Ik trek mijn uniform aan. Mijn uniform, dat zijn 2 T-shirts en 2 polos, elk in een donkerblauwe en een witte versie. Met verschillende designs, maar op mijn linkerborst prijkt telkens een schildpad en de naam van het onderzoeksstation. Lonesome George en Charlie Darwin, wat een duo. Ik was niet al te enthousiast bij het idee van een uniform (de gewoonte in Ecuador) maar dit is eigenlijk prima. Het is informeel, herkenbaar, schept een band (Hé, werk jij hier? Ik ook!). Het verschil met de VN is schrijnend. Geen carrierehongerige pakken hier. Jonge wetenschappers met hart voor de zaak; allemaal op slippers, informeel gekleed, de meesten van ons gesierd met tattoos en interessante haarstijlen. Wij zijn de toekomst, denk ik wel eens stiekem als ik mij onder collega’s bevind. Niks mis met de jeugd van tegenwoordig: wij zijn intelligente idealisten, we houden van ons vak, hier werkt niemand tegen zijn zin.

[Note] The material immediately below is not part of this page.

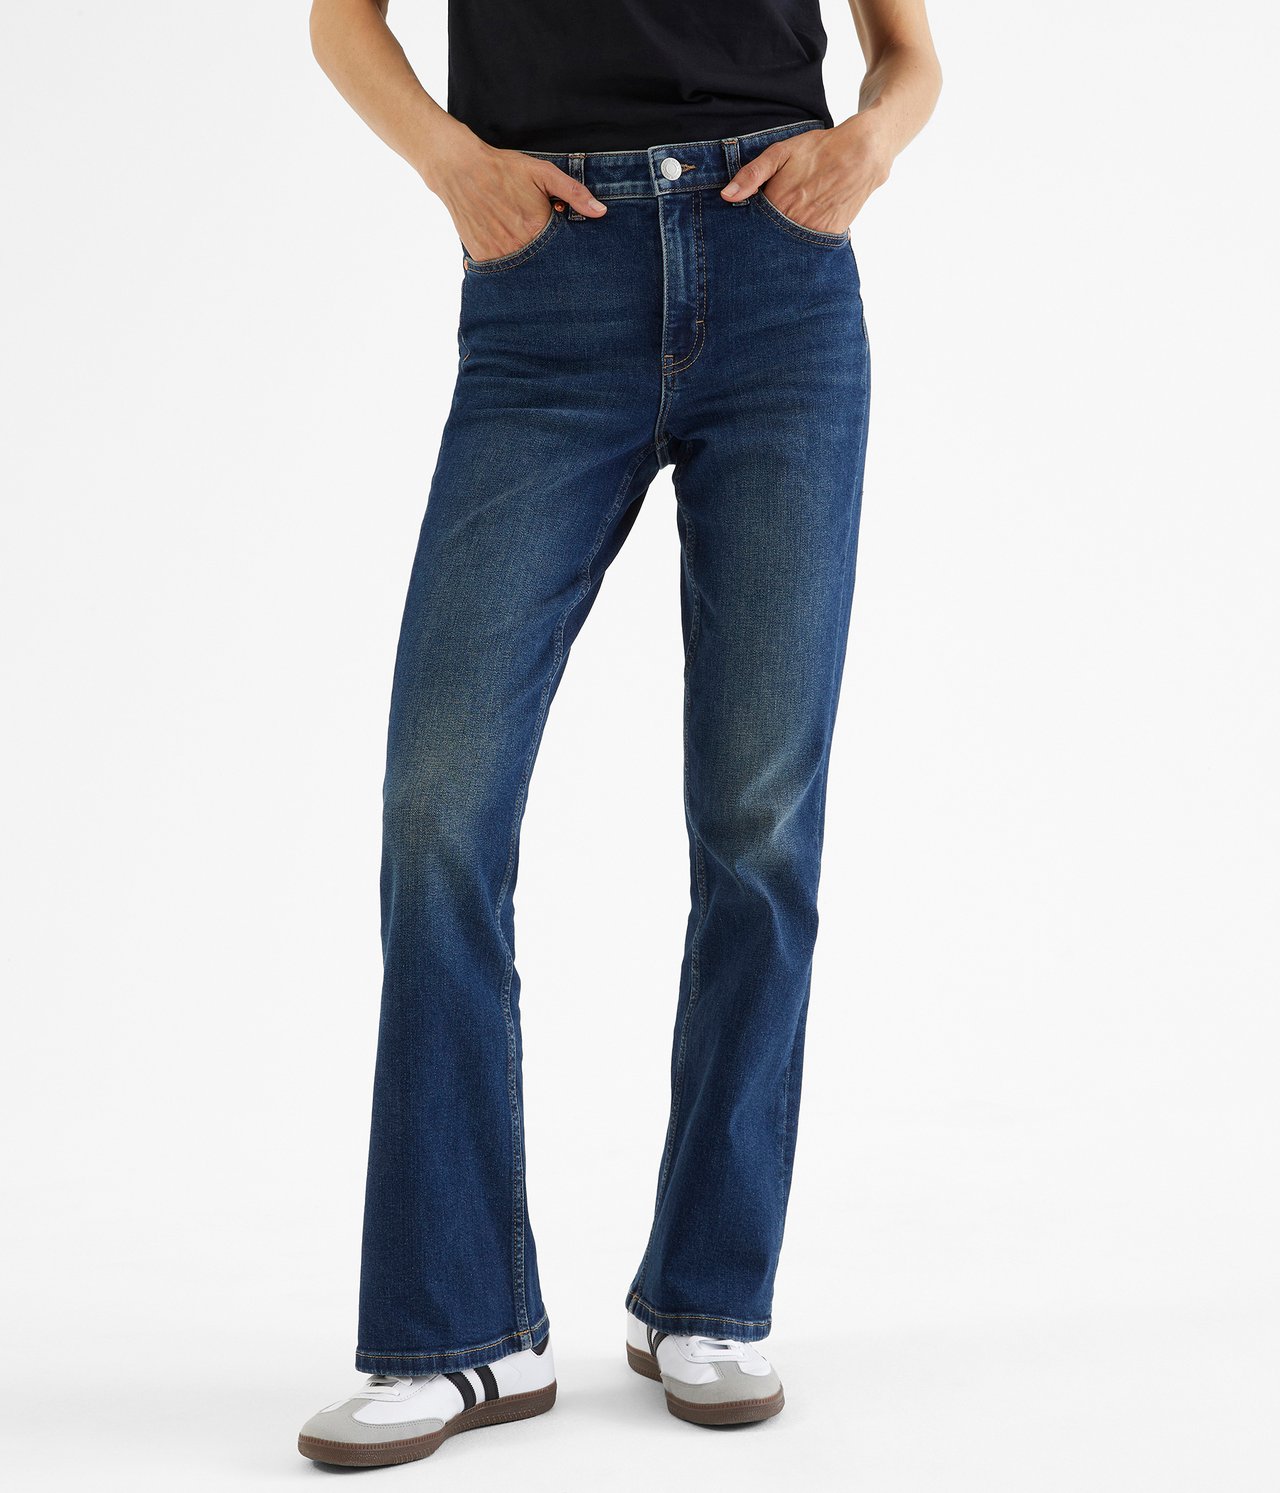 Flare jeans regular waist - Mörk denim - 2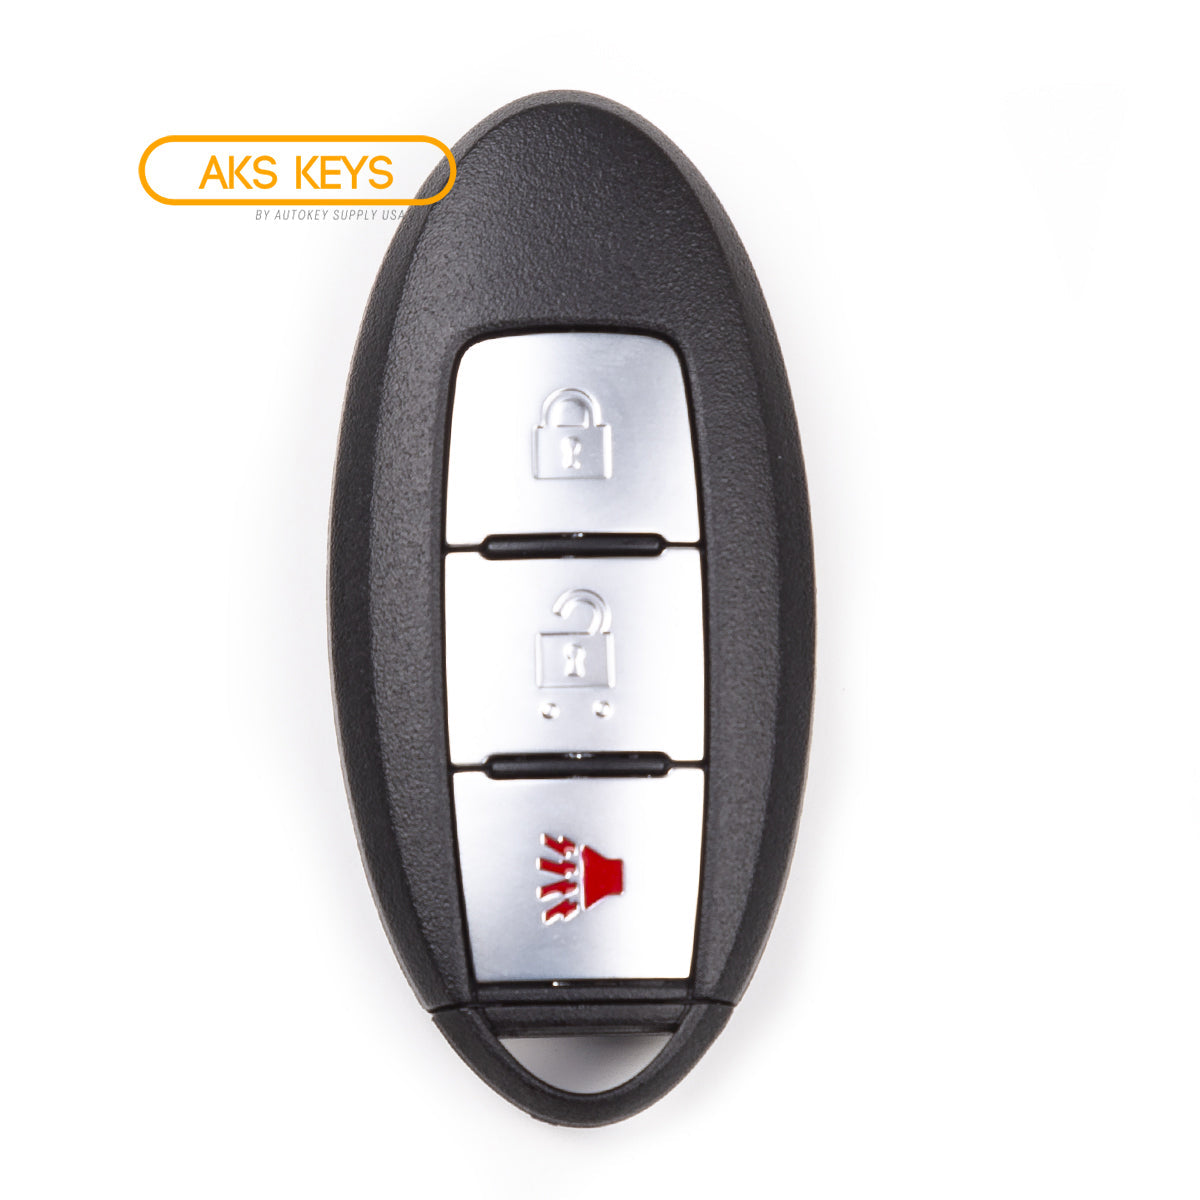 2012 Nissan Leaf Smart Key 3 Buttons Fob FCC# CWTWB1U808 - Aftermarket

Het is heet. Nog voor ik mijn kleren goed en wel heb aangetrokken zijn ze alweer doorweekt. Zweet is overal. Ik snap niet hoe we geacht worden de week door te komen met 4 t-shirts, als ze na een halve dag al stinken als waren we een marathon in de hel aan het lopen. Toch, het wordt frisser, ik voel het. Eerst was deze aarde hel, hitte sloeg op uit de ondergrond, zon beukte genadeloos op mij neer. Mijn hoofd was eeuwig rood, mijn haren plakkerig. Airconditioner creëerde een krankzinnige wintertemperatuur, zweet leek ijs te worden op mijn lichaam. Toen voelde ik hoe mijn lichaam veranderde. Hoe mijn eilandziel ontwaakte en het van me overnam. Ik paste mij aan in kleuren en geuren.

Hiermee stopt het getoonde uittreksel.